This work addresses the limitations of conventional 3D Gaussian splatting methods when applied to fisheye images, which typically require prior undistortion and often suffer from peripheral information loss and floating artifacts. The paper presents the first approach that directly integrates a fisheye camera model into the 3D Gaussian splatting framework, enabling native processing of fisheye imagery without preprocessing. It introduces a cross-view joint optimization strategy based on feature overlap to enhance multi-view geometric and photometric consistency. The proposed method achieves high-quality reconstruction on public benchmarks, matching or surpassing state-of-the-art performance while significantly improving detail fidelity and stability in fisheye scenes. Notably, the introduced optimization mechanism is also applicable to pinhole camera systems.
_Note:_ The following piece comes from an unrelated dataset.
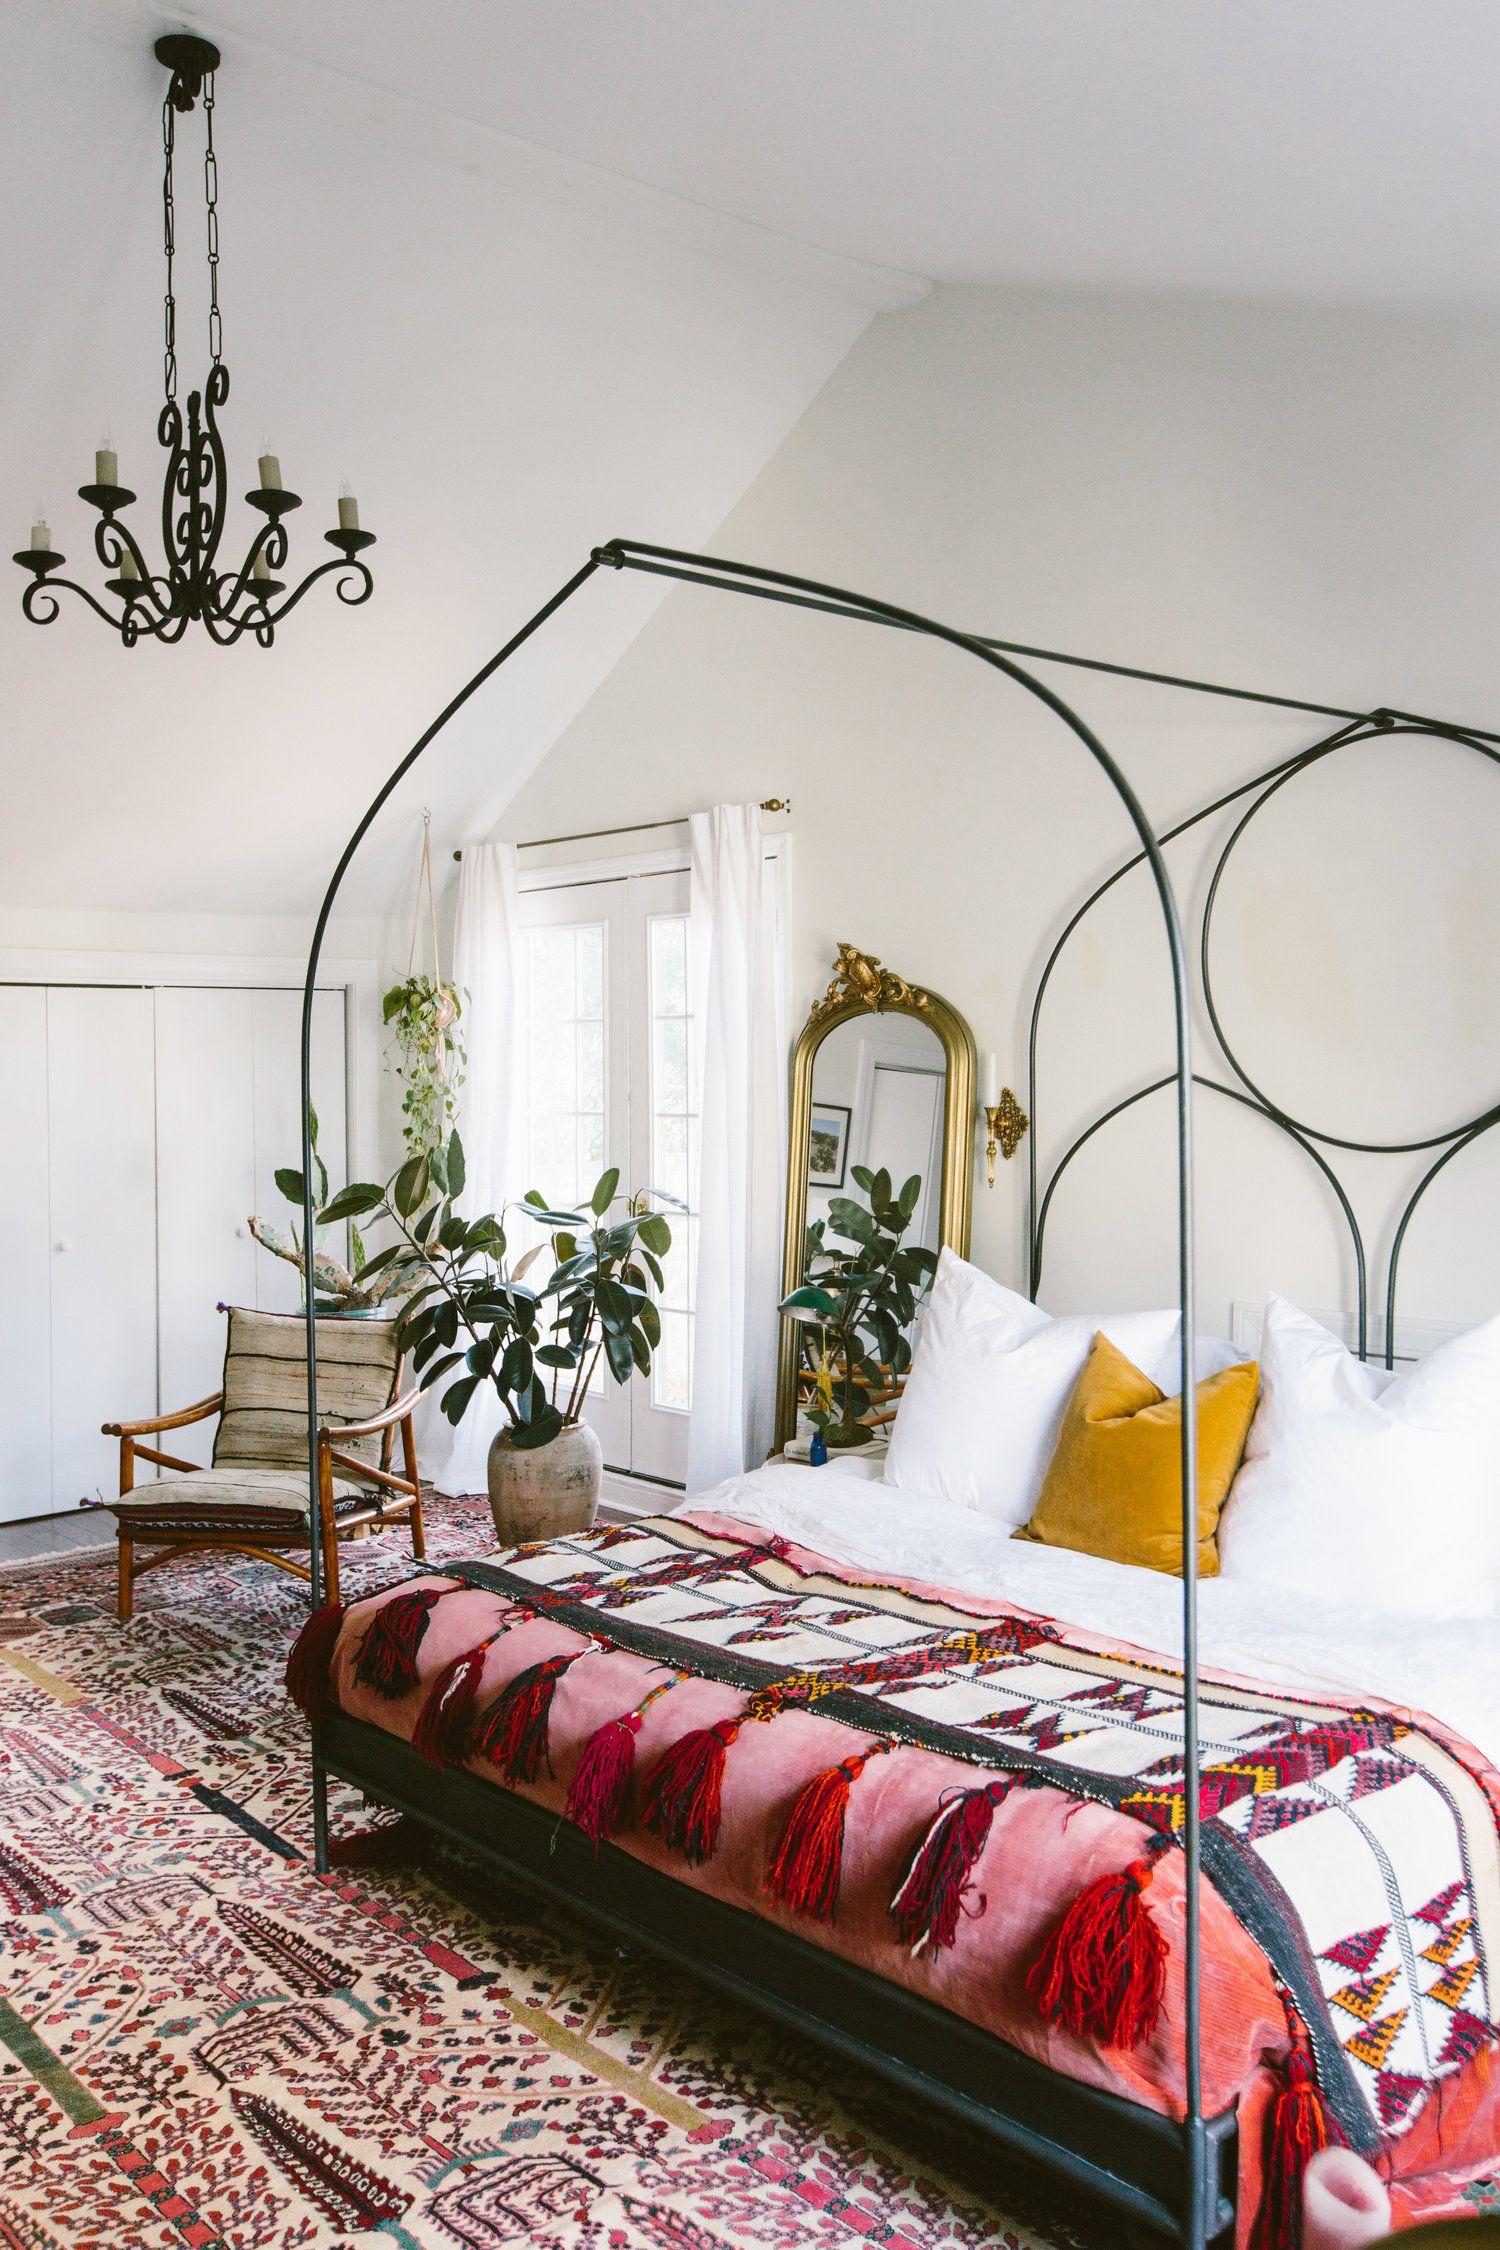 Best Bedroom Interior Design Eclectic Style Bohemian 400 x 300

3D Gaussian Splatting (3DGS) has enabled efficient 3D scene reconstruction from everyday images with real-time, high-fidelity rendering, greatly advancing VR/AR applications. Fisheye cameras, with their wider field of view (FOV), promise high-quality reconstructions from fewer inputs and have recently attracted much attention. However, since 3DGS relies on rasterization, most subsequent works involving fisheye camera inputs first undistort images before training, which introduces two problems: 1) Black borders at image edges cause information loss and negate the fisheye's large FOV advantage; 2) Undistortion's stretch-and-interpolate resampling spreads each pixel's value over a larger area, diluting detail density -- causes 3DGS overfitting these low-frequency zones, producing blur and floating artifacts. In this work, we integrate fisheye camera model into the original 3DGS framework, enabling native fisheye image input for training without preprocessing. Despite correct modeling, we observed that the reconstructed scenes still exhibit floaters at image edges: Distortion increases toward the periphery, and 3DGS's original per-iteration random-selecting-view optimization ignores the cross-view correlations of a Gaussian, leading to extreme shapes (e.g., oversized or elongated) that degrade reconstruction quality. To address this, we introduce a feature-overlap-driven cross-view joint optimization strategy that establishes consistent geometric and photometric constraints across views-a technique equally applicable to existing pinhole-camera-based pipelines. Our DirectFisheye-GS matches or surpasses state-of-the-art performance on public datasets.